As minhas actividades como dirigente político perante o meu povo começaram em 1957 e foi neste ano que eu tive a responsabilidade de apresentar algumas petições da população da minha região às autoridades locais portuguesas depois de ter visto a miséria e o sofrimento dos camponeses forçados a trabalhar nas farmes, plantações de asiáticos e europeus assim como na construção de estradas sem mesmo benefício de condições de vida alimentares ou de um salário honesto.
Eles eram obrigados a trabalhar durante longas horas sem comida e deviam pagar multa se eles não fornecessem durante a época de recolha de algodão a quantidade que lhes era atribuída. Eu também pedi ao governo que me autorizasse a organizar um programa de aprendizagem de melhores métodos de cultura e precauções a tomar para as colheitas a fim de lhes permitir obter os melhores resultados. Agindo assim eu esperava reduzir o sofrimento dos camponeses.
Nós estabelecemos urna cooperativa que nós chamamos Sociedade Agrícola Algodoeira Voluntária dos Africanos de Moçambique. De principio nos éramos 500. Nós pedimos ao governo para nos permitir que estabelecêssemos um fundo especial para compra de bicicletas, papel, lápis, etc. a fim de nos facilitar o trabalho da cooperativa enquanto que discutíamos o problema comum da produção e da utilização do produto.
Em 1958 a nossa cooperativa consistia de mais de 1,000 membros . . . em Julho de 1959 a cooperativa tinha 1,500 membros.

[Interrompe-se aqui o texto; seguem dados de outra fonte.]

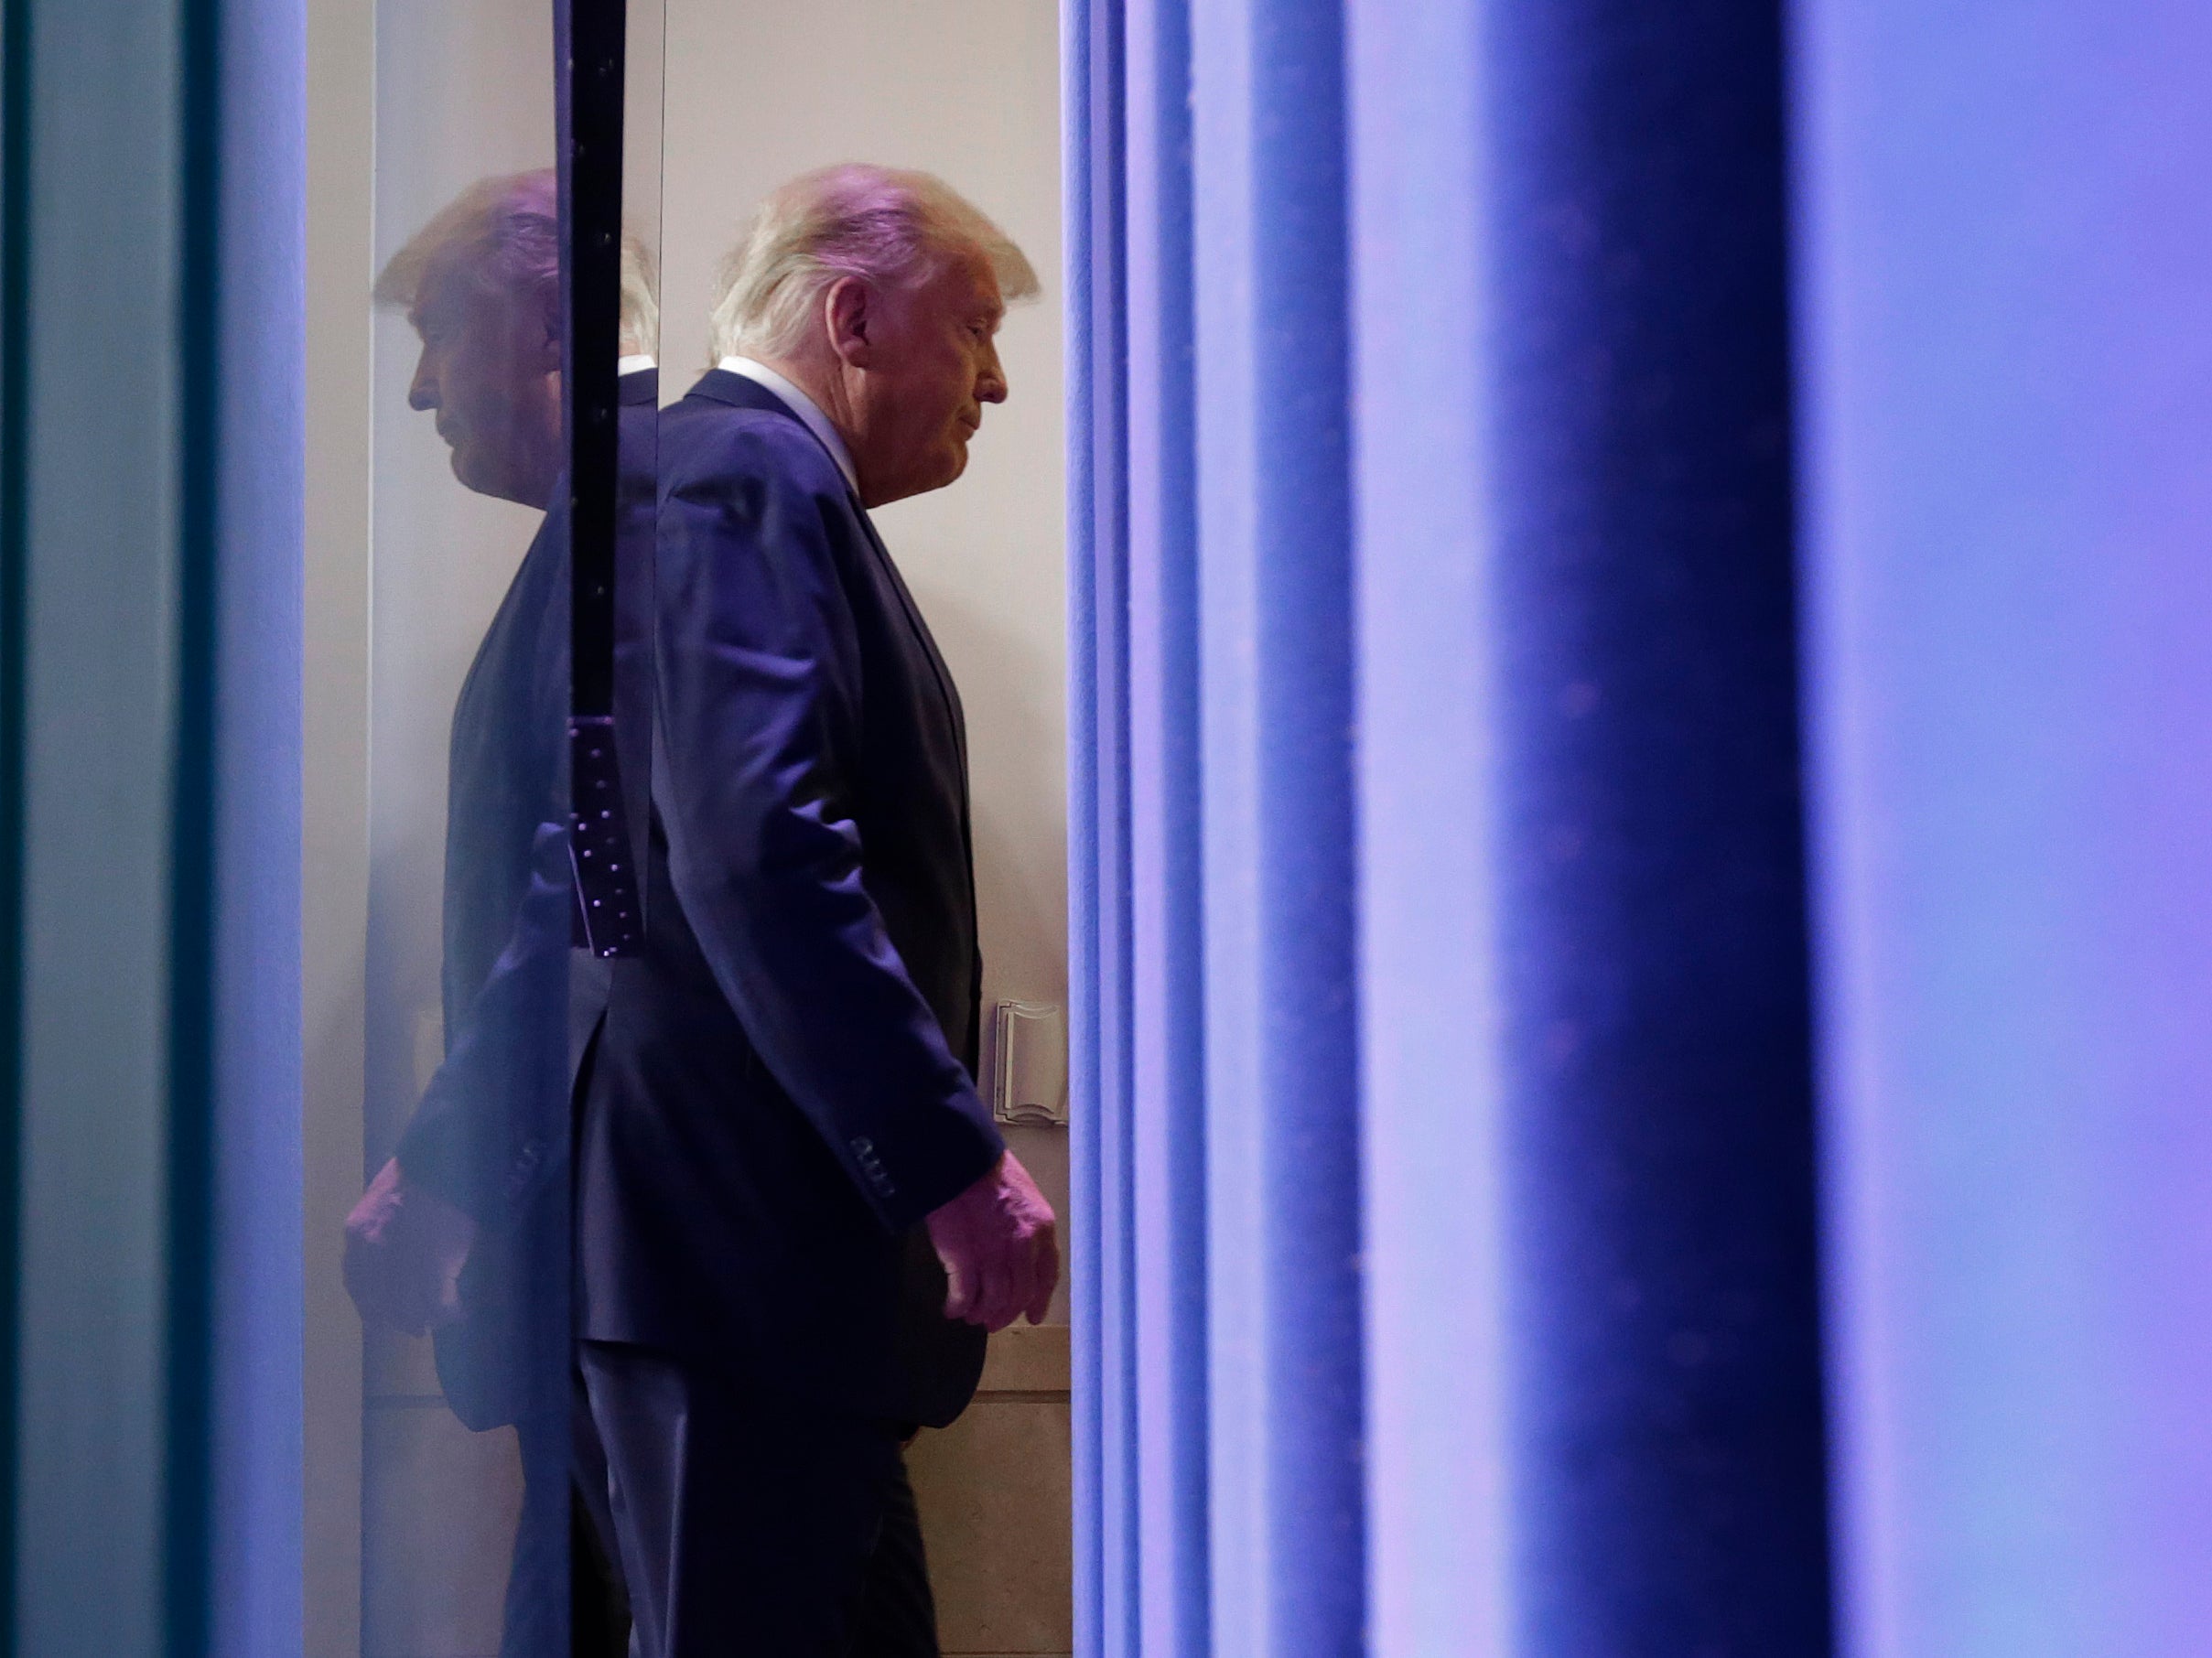 Donald Trump leaves after speaking in the briefing room at the White House on 5 November 2020 in Washington, DC

Foi nesta altura que o governo português, sob a instigação da companhia Sagal começou a proibir a nossa cooperativa de aceitar novos membros, declarando que a partir dessa data todos os moçambicanos eram obrigados a trabalhar na companhia algodoeira do Sagal. Mesmo depois desta decisão, a companhia não estava satisfeita porque a nossa cooperativa tinha mais de 1,500 membros que podiam trabalhar como entendessem sem serem forçados ou explorados. A companhia do Sagal recorreu então a uma forma de opressão mais directa. Sob a capa de uma inspecção das nossas machambas como o governo autorizara, ela enviou os seus homens a visitar os nossos campos e ordenou a destruição de todas as árvores de fruto como laranjeiras e cajueiros dizendo que as mesmas prejudicavam a cultura de bom algodão. Eles então ameaçaram prender qualquer pessoa que plantasse qualquer outra coisa que não fosse algodão nos seus campos. Depois começamos a ver que muitos dos nossos membros eram presos e levados para plantações de sisal e algodão, acusados de não terem produzido a quantia que lhes havia sido atribuída (4 hectares/camponês).

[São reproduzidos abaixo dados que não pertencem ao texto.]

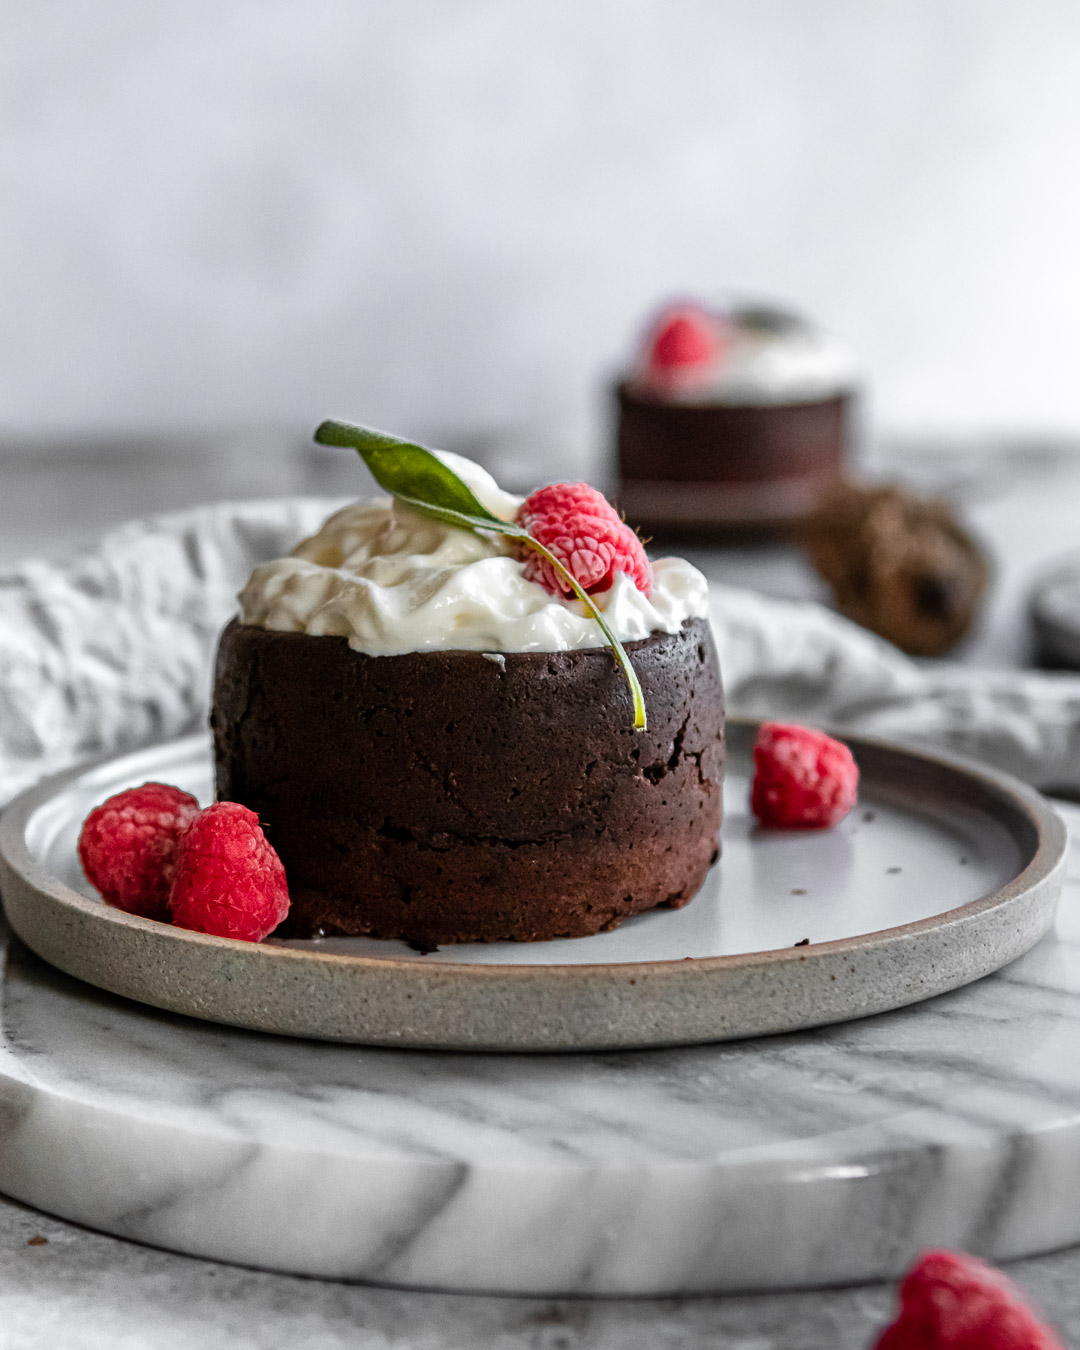 Chocolate Lava Cake with raspberries, and whipped cream

Entretanto, eu convencera os membros da nossa cooperativa a construir as nossa próprias estradas a fim de facilitar o transporte da nossa produção até aos principais mercados em vez de os levar carregamentos pesados. Nós abrimos 4 estradas que nos levavam aos principais centros. Os portugueses em vez de apreciaram a iniciativa, ordenaram a minha prisão por não ter autorização para construir tais estradas. Fui preso em Setembro de 1959. Durante dois anos eu estive preso sem julgamento.
Durante este tempo a nossa cooperativa foi desmantelada por ordem do governo e muitos outros dirigentes da cooperativa foram presos.
Em 1961 o governo português deu-me a liberdade sob vigia. Uma semana depois chamaram-me à administração e perguntaram-me quais eram os meus projectos para o futuro. Eu disse que não tinha projectos. Depois propuseram-me que construísse uma nova cooperativa nas condições seguintes: ela estaria sob o controlo directo do governo português e não podia ter mais que 25 membros. eu não tive outra solução mas aceitar a oferta.
Durante dois anos a nossa cooperativa trabalhou sem descanso para tentar recuperar o que havia sido perdido. Compramos tractor. Quase todas as pessoas da região de Mueda vieram no dia da compra do tractor.
NOTA:
E fico pensando: Depois de tudo isto, de ter estado em posição cimeira na FRELIMO, o que o teria levado a fugir e a apresentar-se às autoridades portuguesas?